The man whose name is synonymous with the kinetic attraction he erected on the Midway Plaisance of the 1893 World’s Fair died of typhoid fever on November 22, 1896, at Mercy Hospital in Pittsburgh. Though now unforgettably linked to his engineering marvel, the name of George Washington Gale Ferris Jr. was unfamiliar to many fairgoers who walked by the great wheel, as shown in this story published in the October 29, 1893, issue of the Chicago Daily Tribune.

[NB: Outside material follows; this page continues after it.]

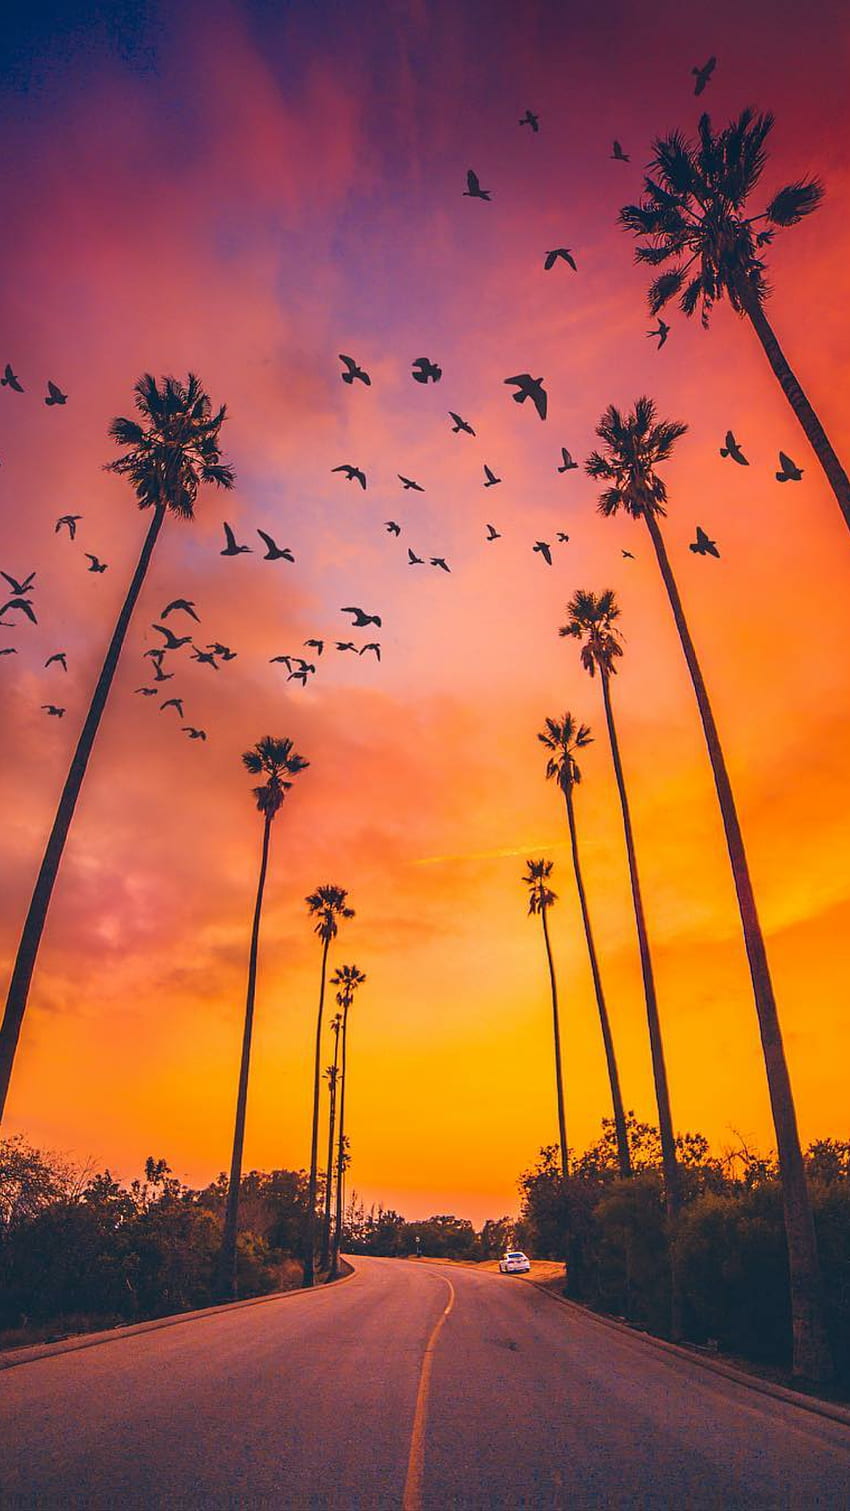 Live life with no excuses travel with no regret  California sunset palm  trees h California sunset California sunset aesthetic California HD  phone wallpaper  Pxfuel

Persist in Calling It the Paris Wheel.

“Strange as it may seem,” said one of the guides at the Ferris Wheel, “the man who conceived this work and superintended its construction will in thousands of cases never receive any credit for it. You know the penchant many people have for misnomer. I suppose I have heard at least 10,000 people ask me as they stood here how this wheel took in Paris. At first I was at a loss to understand it, but soon learned that they understood this to be the ‘Paris’ wheel. We have certainly done our part in having the man who conceived this receive the credit so far as his name is concerned, but there isn’t a day that people do not come in and ask about the ‘Paris’ wheel. I undertook to enlighten a kind looking old man about it, but he seemed to think I was trying to play a confidence game on him. He said to me finally, ‘I’m looking for the Paris wheel. That’s what, my son told me it was, and you can’t fool me with this windmill trap here,’ and he passed on refusing to come in.”

The “Paris Wheel” (the Grande Roue de Paris), built for the 1900 Exposition Universelle in Paris, reached 64 feet higher into the sky than the earlier Ferris Wheel. [Image from the Library of Congress Prints and Photographs Division.]